TRY IT: Transcribe the data that follows in full. Leave out the pictures.

START SUPPLIED DATA

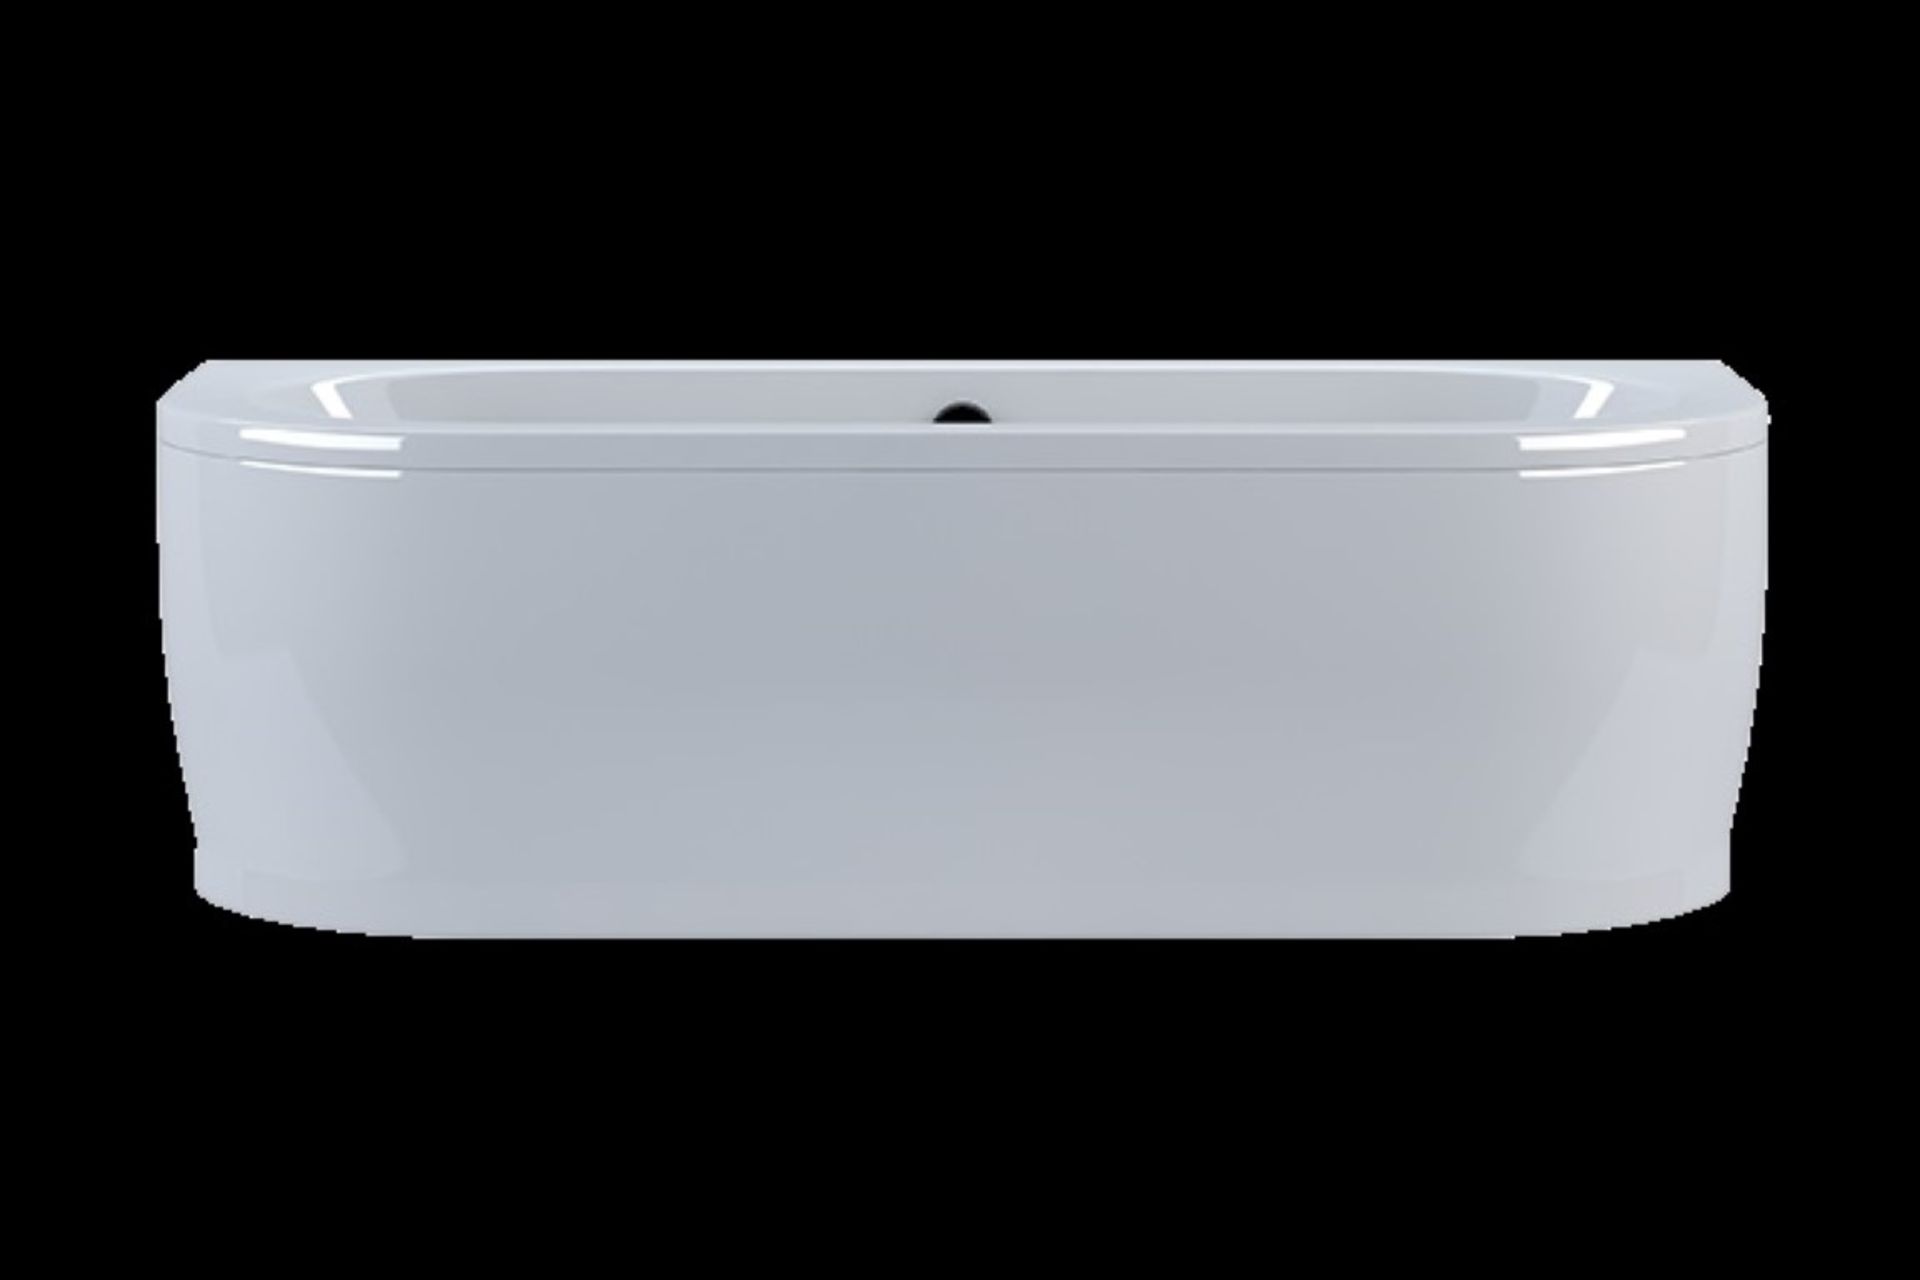 1 x "Palladio" BACK TO WALL BATH - Stylish Curvaceous Design - White Acrylic - 1700 X 750MM - - Image 3 of 9
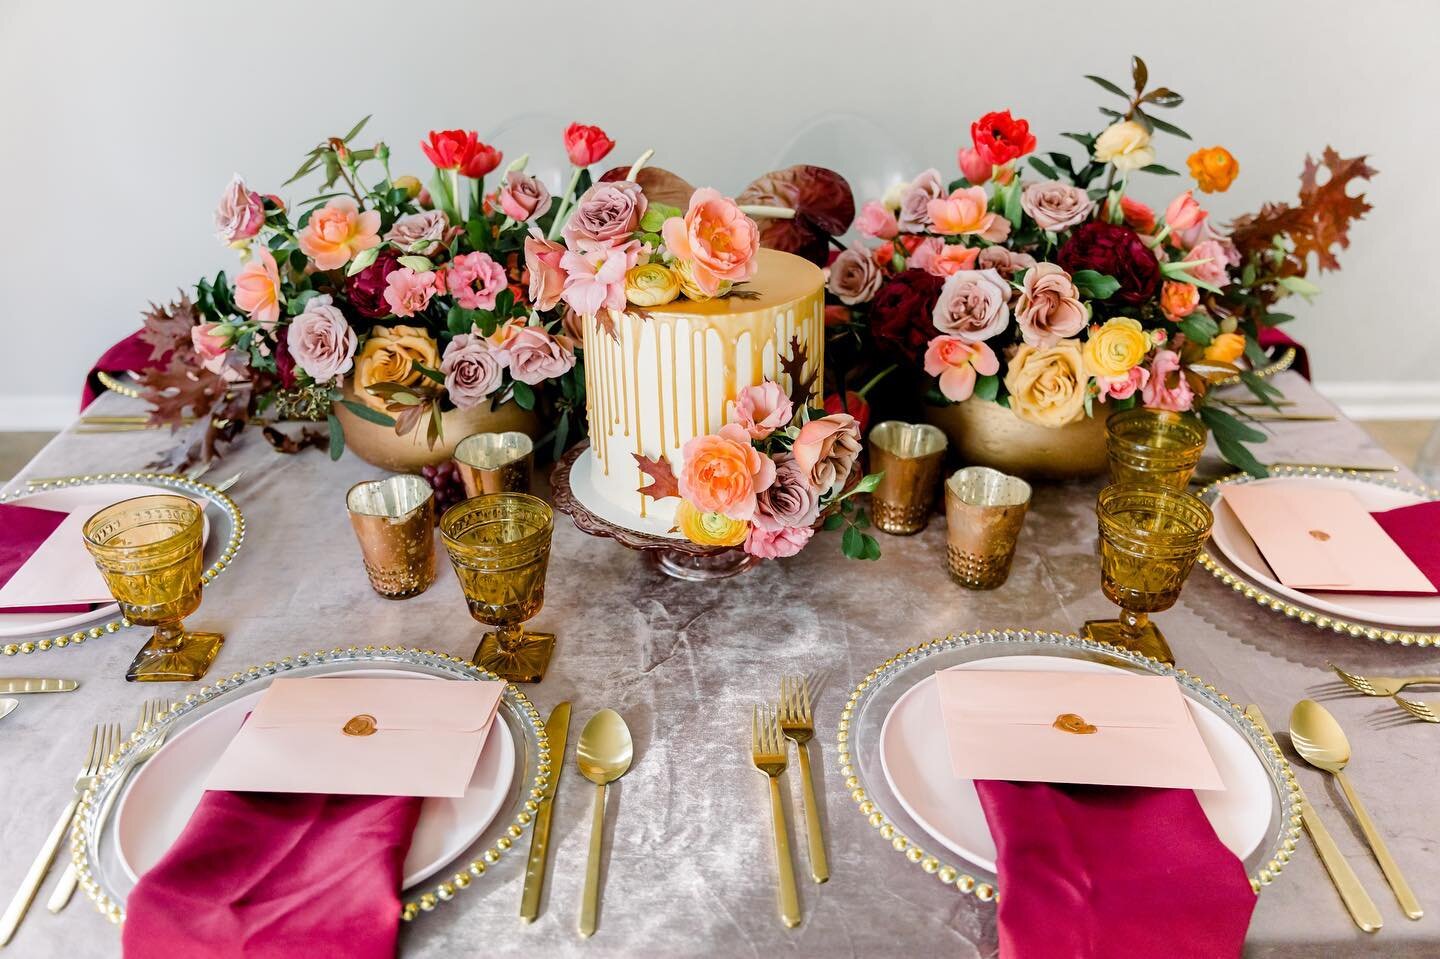 This table and these florals. Holy moly.
Design: @tenpointfloraldesign
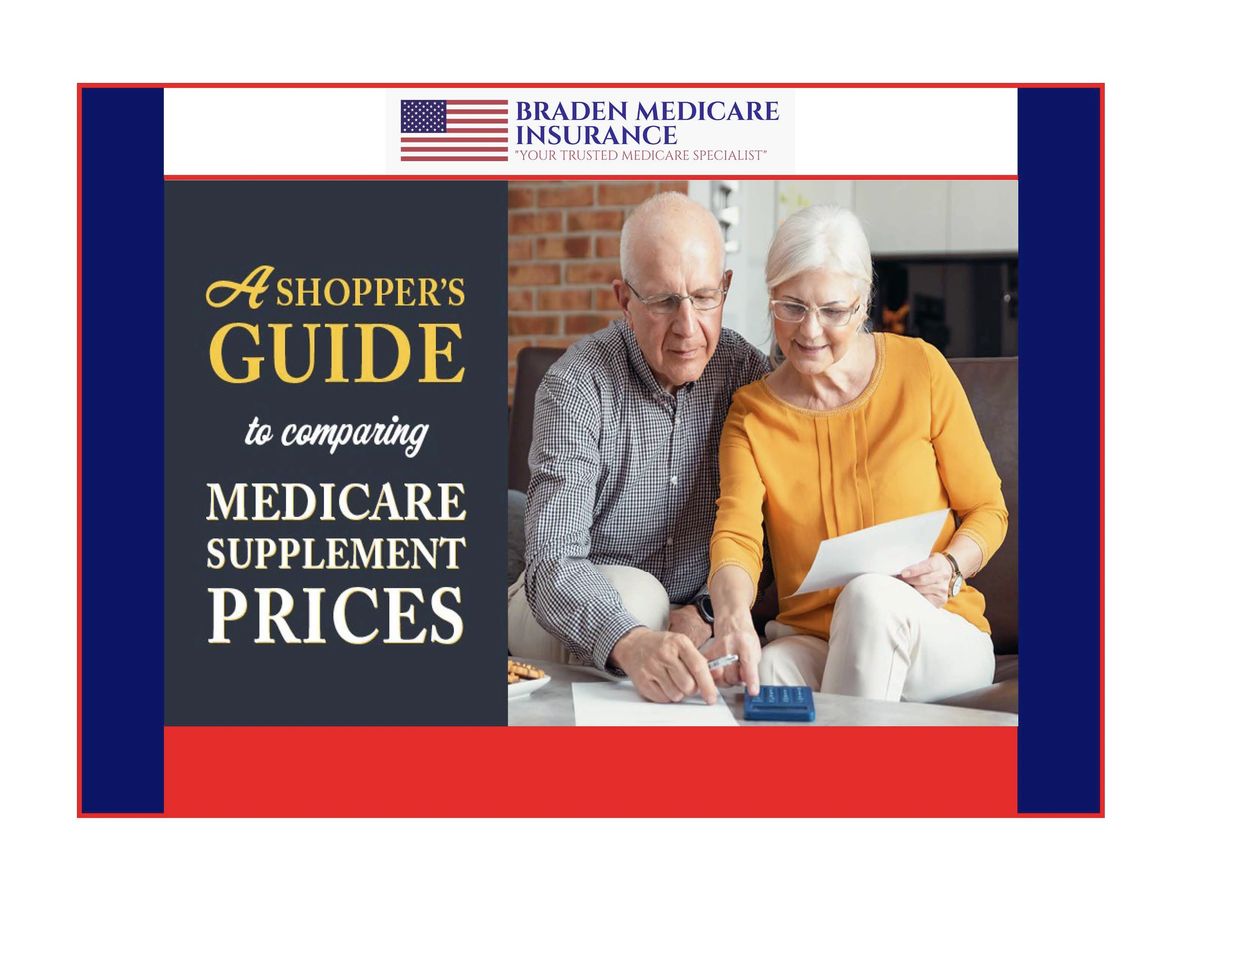 POster ABout How To Compare Medicare Supplement Prices # Medigap Comparisons #Medicare Supplements

END SUPPLIED DATA

RESPONSE AREA:
 1 x "Palladio" BACK TO WALL BATH - Stylish Curvaceous Design - White Acrylic - 1700 X 750MM - - Image 3 of 9
 This table and these florals. Holy moly.
Design: @tenpointfloraldesign
 POster ABout How To Compare Medicare Supplement Prices # Medigap Comparisons #Medicare Supplements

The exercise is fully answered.